The future of same-sex marriage is likely to be shaped by ongoing societal, legal, and cultural developments. Here are some potential directions and trends that could influence the way ahead for same-sex marriage:

  1. Global Legalization: Many countries had already legalized same-sex marriage, but there were still places where it was not recognized. The global trend has been moving toward greater acceptance, and more countries may choose to legalize same-sex marriage in the future.
  2. Increased Social Acceptance: Over time, societal attitudes toward LGBTQ+ individuals and same-sex relationships have become more accepting in many parts of the world. This trend is likely to continue, with increasing support for the rights and equality of LGBTQ+ individuals.
  3. Legal Protections: Beyond marriage, there will likely be continued efforts to secure legal protections for LGBTQ+ individuals in various areas, such as employment, housing, and healthcare. Ensuring comprehensive legal protection is crucial for fostering equality.
  4. Parental Rights: Advocacy for parental rights for same-sex couples, including adoption and access to assisted reproductive technologies, is likely to continue. Ensuring that same-sex couples have the same rights and opportunities to form families is an important aspect of LGBTQ+ rights.
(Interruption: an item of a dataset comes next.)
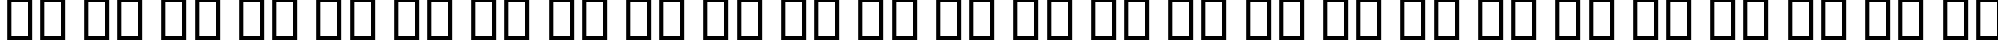 Пример написания английского алфавита шрифтом B Mashhad Bold
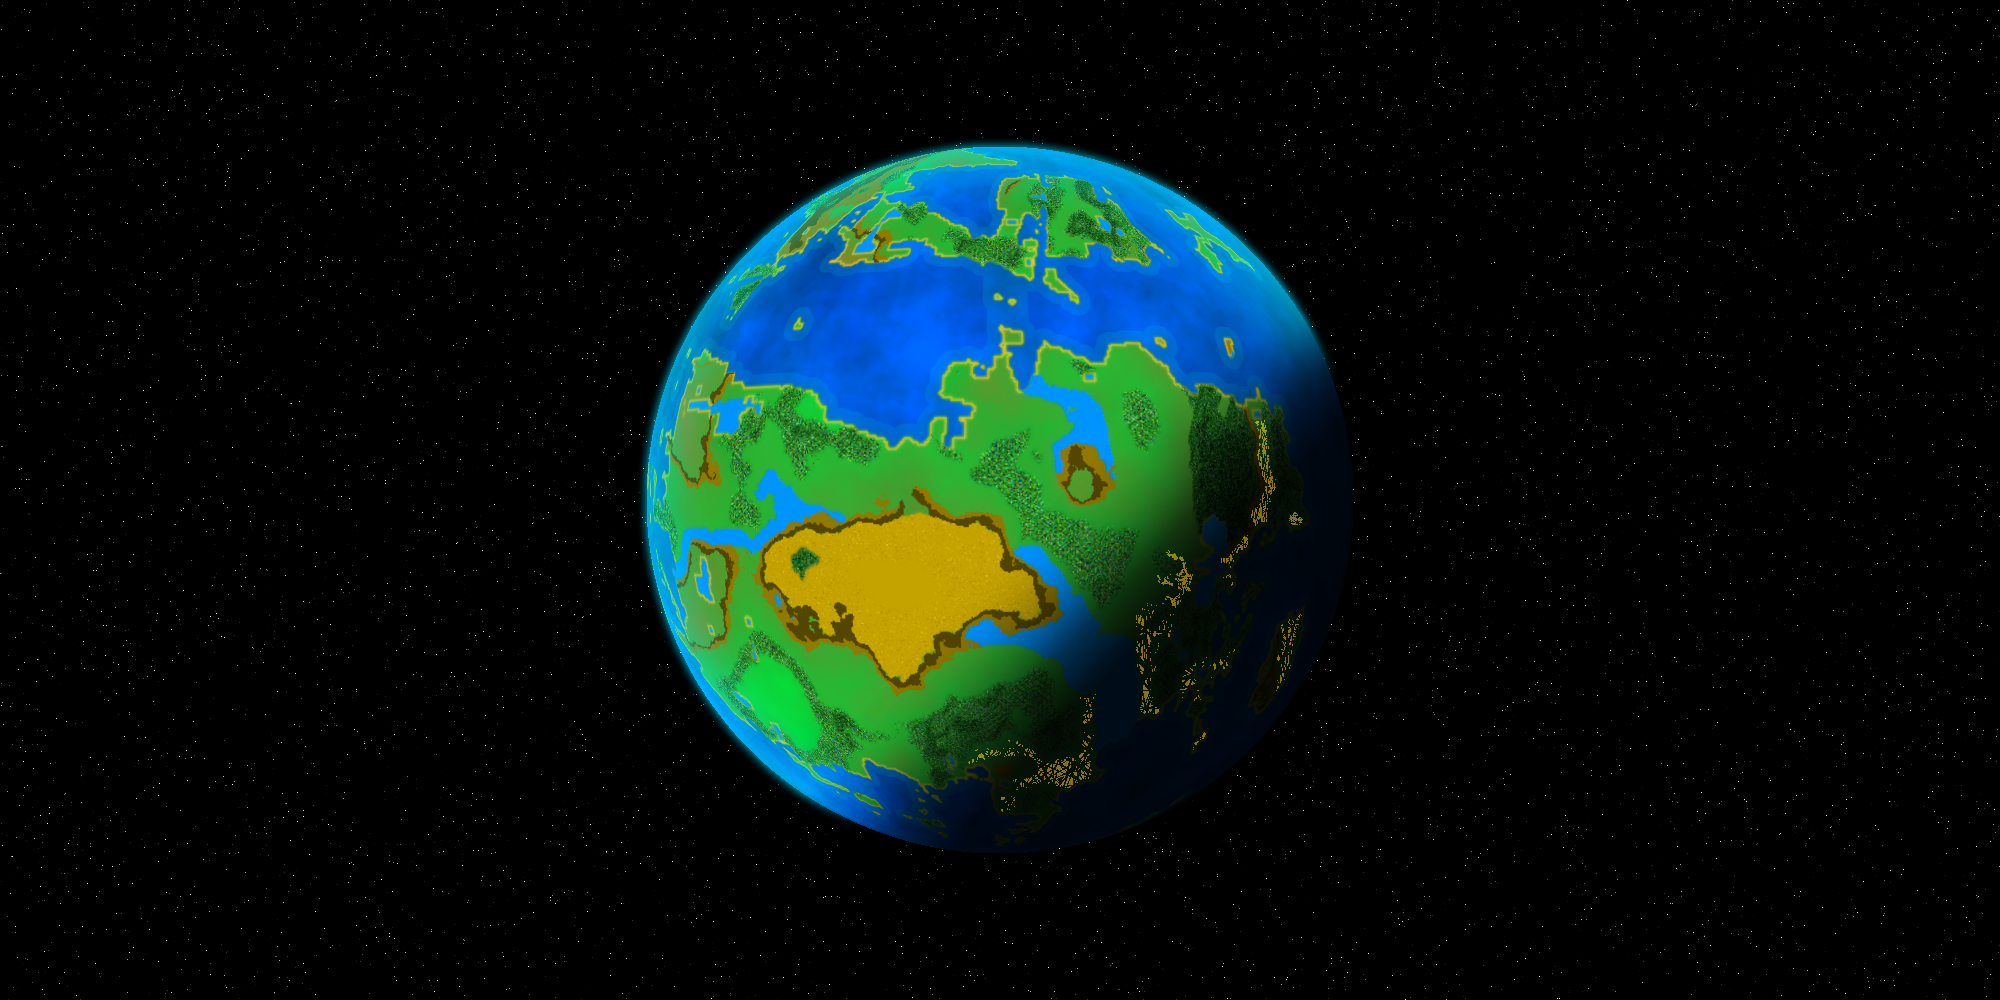 Worldbuilding Map 1 - Globe (no dark halo)

  5. Intersectional Advocacy: Recognizing and addressing the intersectionality of LGBTQ+ issues with other forms of discrimination is essential. Advocacy efforts may increasingly focus on the unique challenges faced by individuals who belong to multiple marginalized groups.
  6. Educational Initiatives: Education and awareness programs about LGBTQ+ issues, including same-sex marriage, can contribute to reducing prejudice and discrimination. Continued efforts to include LGBTQ+ topics in educational curricula may foster a more inclusive and understanding society.
  7. Global Advocacy: International organizations and advocacy groups play a crucial role in promoting LGBTQ+ rights globally. Efforts to combat discrimination and human rights abuses based on sexual orientation and gender identity are likely to persist.
  8. Continued Dialogue: Open and respectful dialogue between individuals, communities, and religious institutions can contribute to greater understanding and acceptance. Encouraging conversations that bridge gaps in understanding can be instrumental in fostering support for same-sex marriage.
  9. Challenges to Progress: While progress has been made, challenges and opposition to same-sex marriage may persist in some regions. Cultural, religious, and political factors can influence the pace of change, and advocacy efforts may need to address these factors in nuanced ways.
  10. Technological Advances: Advances in assisted reproductive technologies, such as surrogacy and in vitro fertilization, may continue to provide new possibilities for same-sex couples to have children and may influence discussions around family dynamics and legal rights.

The future of same-sex marriage is likely to be dynamic and influenced by a combination of legal developments, changing social attitudes, and ongoing advocacy efforts. Continued collaboration between LGBTQ+ activists, policymakers, and the broader community will play a crucial role in shaping a more inclusive future.